The usefulness of discrete Morse theory in algorithmic computations and understanding the topology of cellular spaces motivates us to bridge the existing gap between PL Morse functions and discrete Morse functions in the context of ReLU neural networks.

1.1 Contributions and Related Work

We follow a framework for the polyhedral decomposition of the input space of a ReLU neural network $F$ by the canonical polyhedral complex which we will denote as $\mathcal{C}(F)$ , as introduced in [7] and defined in Definition 14. This framework is expanded in [8], introducing a PL Morse characterization, and in [18], introducing the combinatorial characterization of the polyhedral decomposition by sign sequences.

Unfortunately, computing the canonical polyhedral complex and topological properties of its level and sublevel sets is expensive and can only be done for small neural networks, in part because $\mathcal{C}(F)$ has exponentially many vertices in the input dimension of $F$ . It is this drawback that is the main motivation for the construction of a discrete function associated to $F$ ; such a function will retain the topological information desired, but should ease issues of hight computational complexity.

We build on existing literature by providing a translation from the PL Morse characterization from [8] to a discrete Morse gradient vector field by exploiting both the combinatorics from [18] and a technique for generating relatively perfect discrete gradient vector fields from [6]. The main result of this paper (Theorem 3) provides a canonical way to directly construct a discrete Morse function (defined on the input space) which captures the same topological information as the existing PL Morse function. This paper is intended as an intermediary which should allow further computational tools to be developed.

While not the primary goal of this paper, a secondary contribution which we hope to highlight is the development of additional tools for translating from piecewise linear functions on non-simplicial complexes to discrete Morse gradient vector fields. To our knowledge, all current theory relating PL Morse functions to discrete Morse functions on the same complexes is detailed in [6]. We also provide realizability results for certain shallow networks (Theorem 2) - namely, we are able to characterize the possible homotopy types of the descision boundary for a $(n,n+1,1)$ generic PL Morse ReLU neural network $F$ by restricting the number and possible indices of the critical points of $F$ .

1.2 Outline

In Section 2, we review the mathematical tools we are using. In Section 3, we review the construction of the canonical polyhedral complex and share some novel realizability results for shallow neural networks. Section 4 contains our main result (Theorem 3). This theorem provides a translation from a PL Morse ReLU neural network $F$ to a relatively perfect discrete gradient vector field on $\mathcal{C}(F)$ . In Section 5 we discuss some of the issues surrounding effective computational implementation, and in Section 6, we provide concluding remarks.

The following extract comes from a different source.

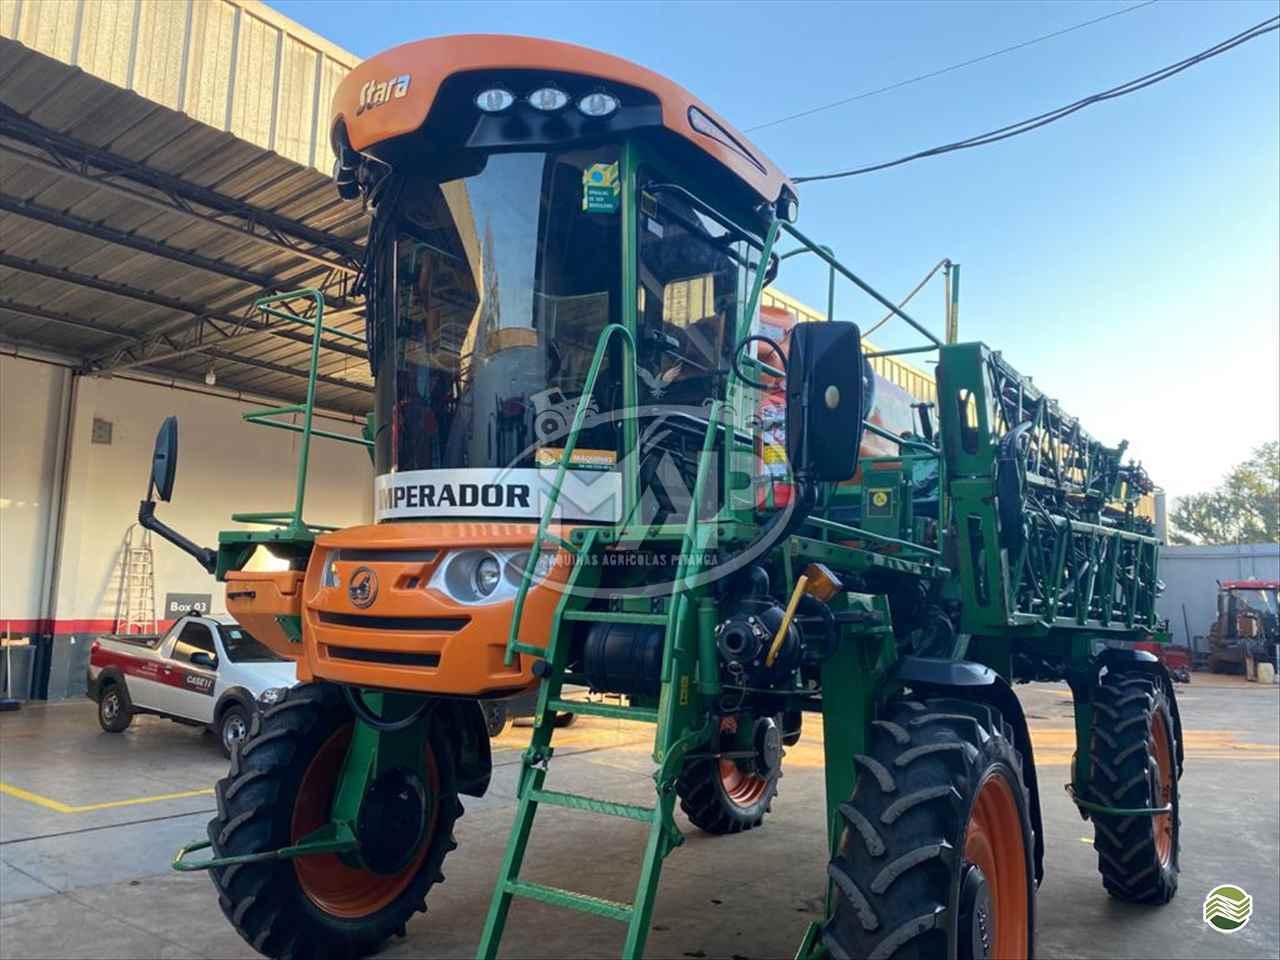 PULVERIZADOR STARA IMPERADOR 2650 Tração 4x4 Máquinas Agrícolas Pitanga PITANGA PARANÁ PR

2 Background: Polyhedral Geometry and Morse Theories

A ReLU neural network is a piecewise linear function on a polyhedral complex which we call the canonical polyhedral complex. Before developing constructions on this specific object, we review some general constructions in polyhedral and piecewise linear geometry which we will use repeatedly. Readers familiar with these topics may choose to begin at a later section and refer back to this section for notation if necessary.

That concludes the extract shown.